On Fri, Feb 7, 2025 at 3:06 AM G. Branden Robinson
<g.branden.robin...@gmail.com> wrote:
> At 2025-02-06T23:23:57-0600, Dave Kemper wrote:
> > The info file documents it the same way it documents everything else:
> > any attribute associated with an environment has this association
> > explicitly stated; attributes without this explicit statement are
> > global.
>
> The practice mirrors CSTR #54, where a capital "E" in the synopsis of a
> request marks it as being (in my term) "environmental".  It's not quite
> obvious that anything that isn't environmental is global in AT&T troff,
> because there's no annotation for a global property, and the same field
> of the synopsis is used to list properties of diversions, default
> scaling units, break implication, typesetting-specific operations, and a
> few other things.
>
> (I'll opine here that I dislike the documentary practice of using a
> simple list (compounded by the use of implicit nulls) to enumerate
> orthogonal parameters.  I gather that one can project R^n onto the real
> line, but the mechanism used to achieve any such mapping is seldom
> obvious to the reader.)

Despite its flaws, the CSTR #54 approach does impart the information
better to readers than the groff manual's, I think.  When there's a
column that might or might not contain an E--even if the column is
overloaded with other information as well--the absence of the E makes
it clearer to readers that the listed property is global than does the
absence of a specific sentence in the info manual's nontabulated
prose.  The info manual's approach also requires essentially the same
sentence to be repeated numerous times throughout.

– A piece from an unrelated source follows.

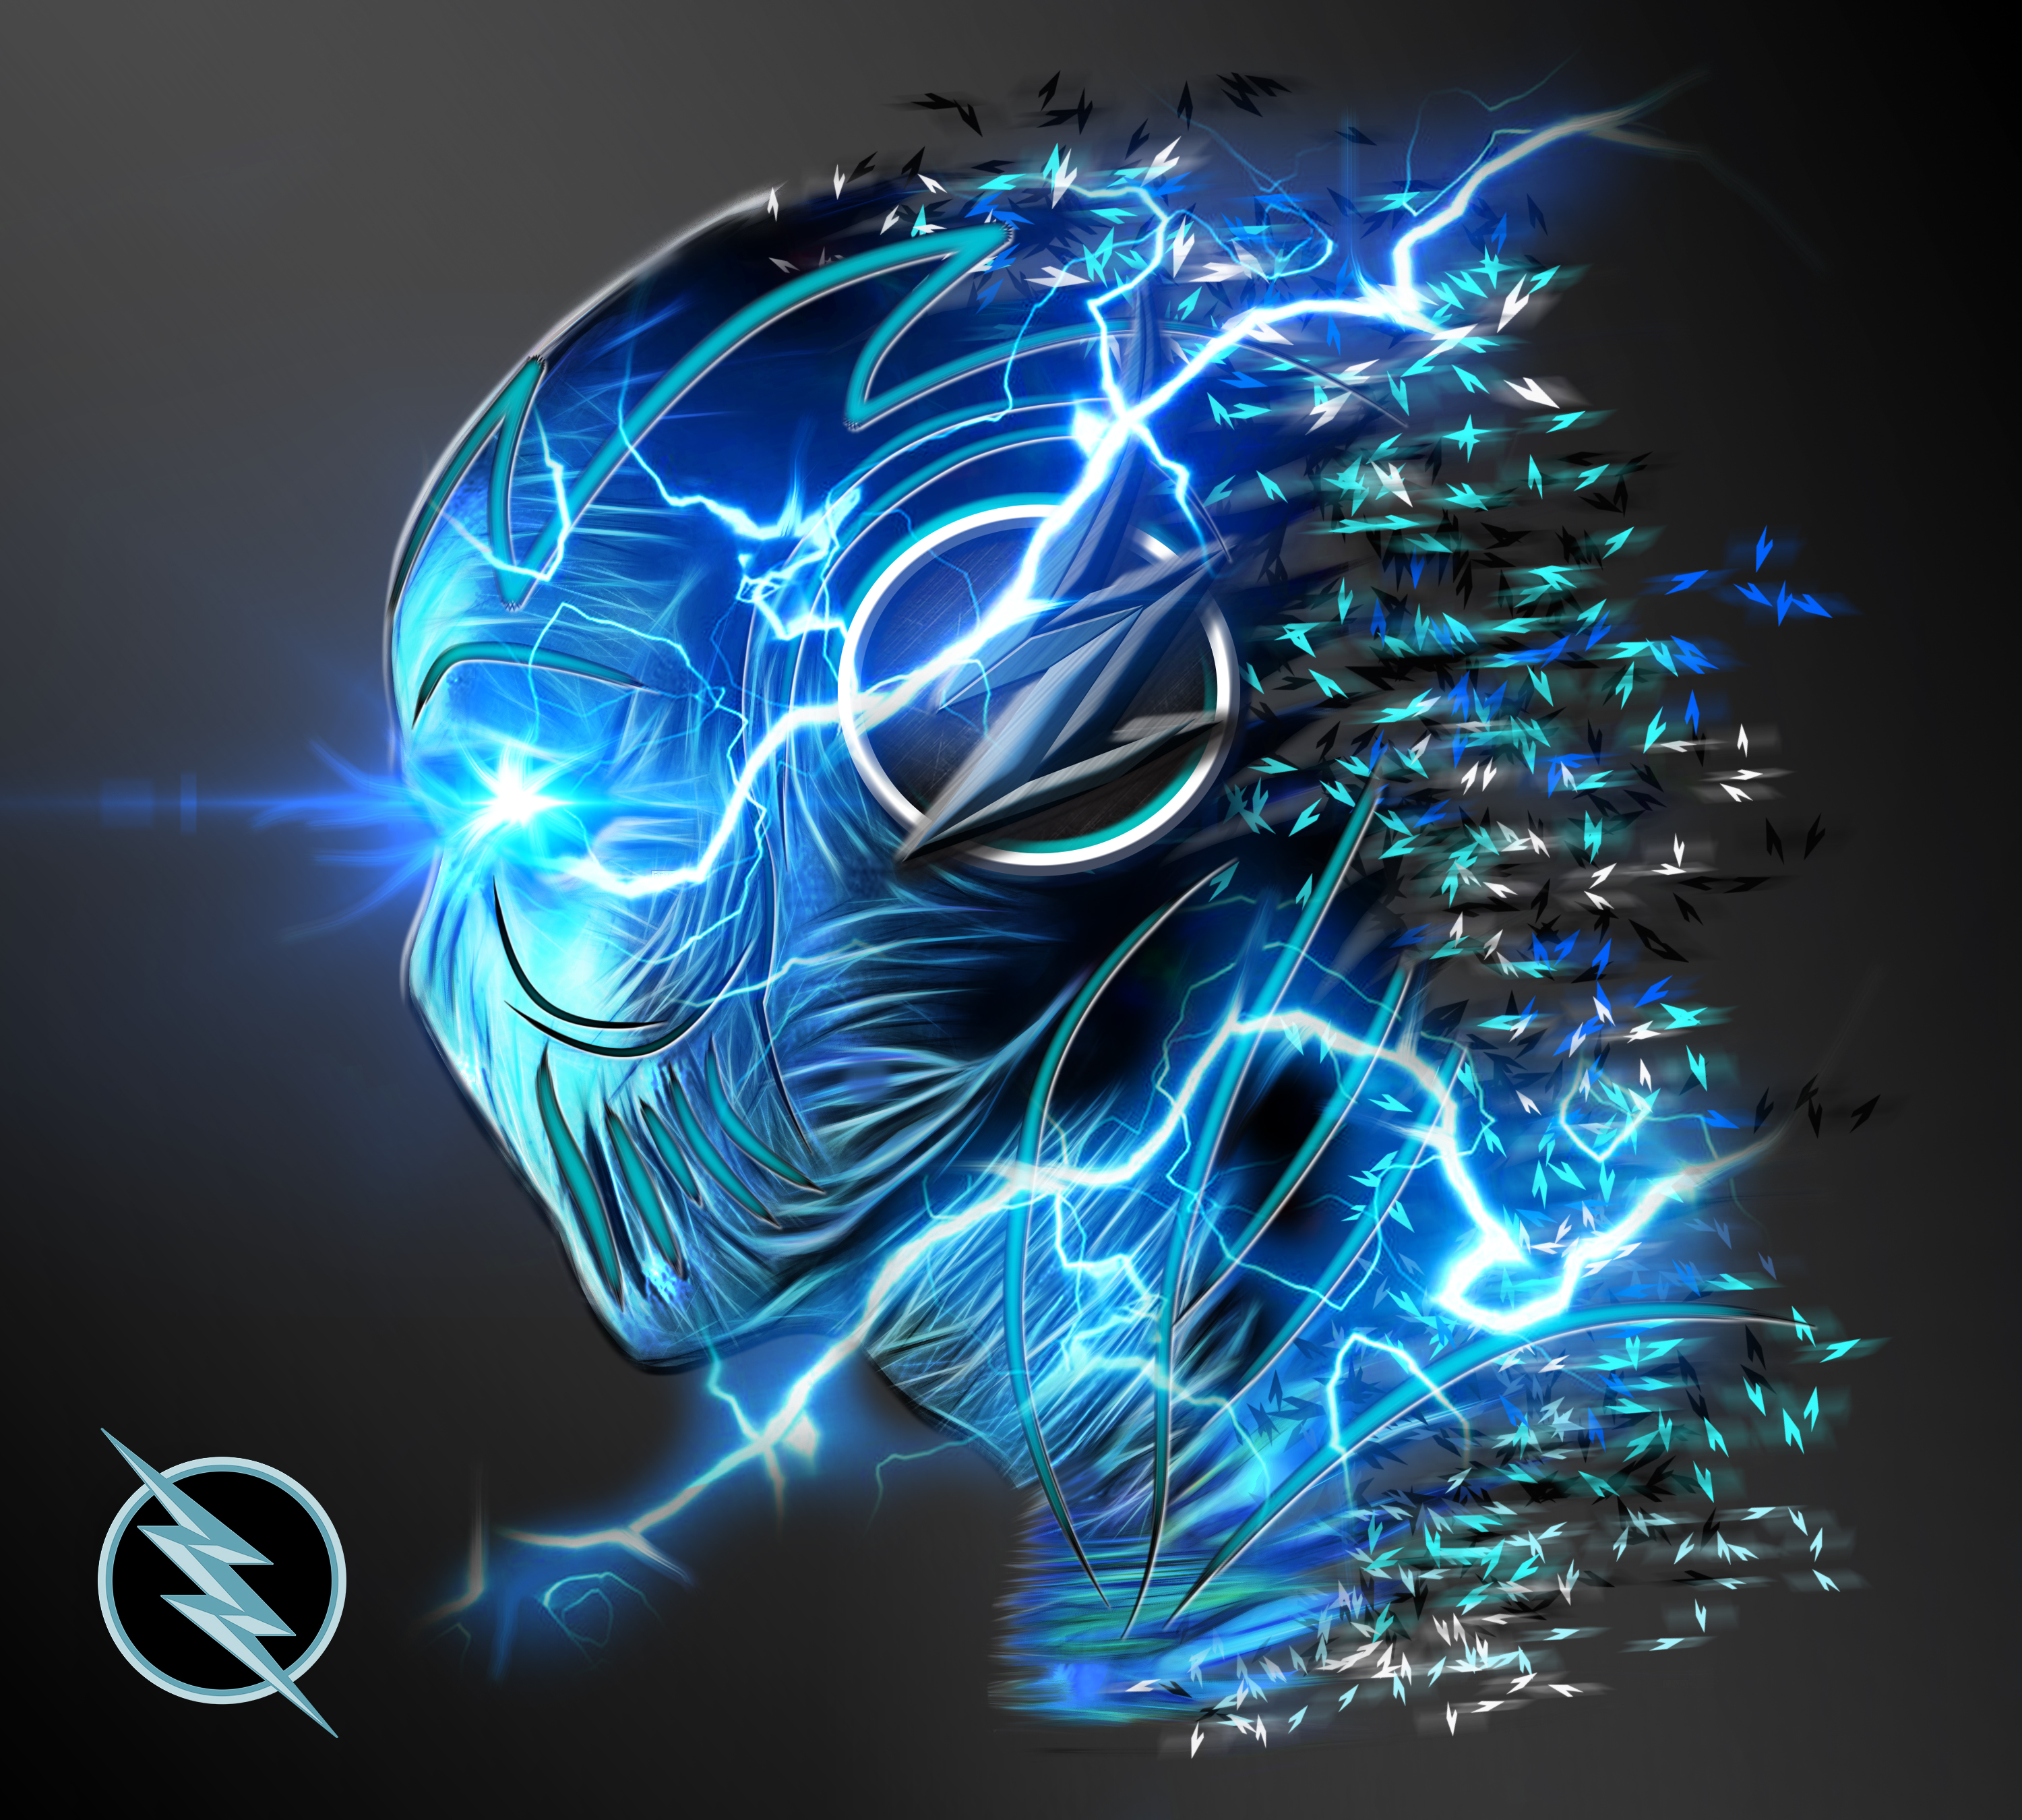 Zoom from CW's The Flash by ultrayady on DeviantArt

And because info manuals are designed to be perused nonsequentially,
even the addition of an introductory statement that properties are
global unless stated to be environmental only partly ameliorates the
first issue.

> Is the selection of hyphenation language a hyphenation parameter?
>
> Setting aside your knowledge of formatter behavior leading to this
> thread, what would your assumption have been based on those words?

I'm not sure I can answer that without bias.  I *think* I would have
considered settings like .hy and .hys to clearly be hyphenation
parameters, and things set by .hw and .hla to be less clear: they
strike me more as the framework to which the parameters apply
(although even that isn't as straightforward as I had at one time
expected: my original complaint in http://savannah.gnu.org/bugs/?53196
was partly that the .hy setting does not apply to breakpoints defined
by .hw--a fact that was undocumented until Werner added a paragraph to
manual in response to that bug report).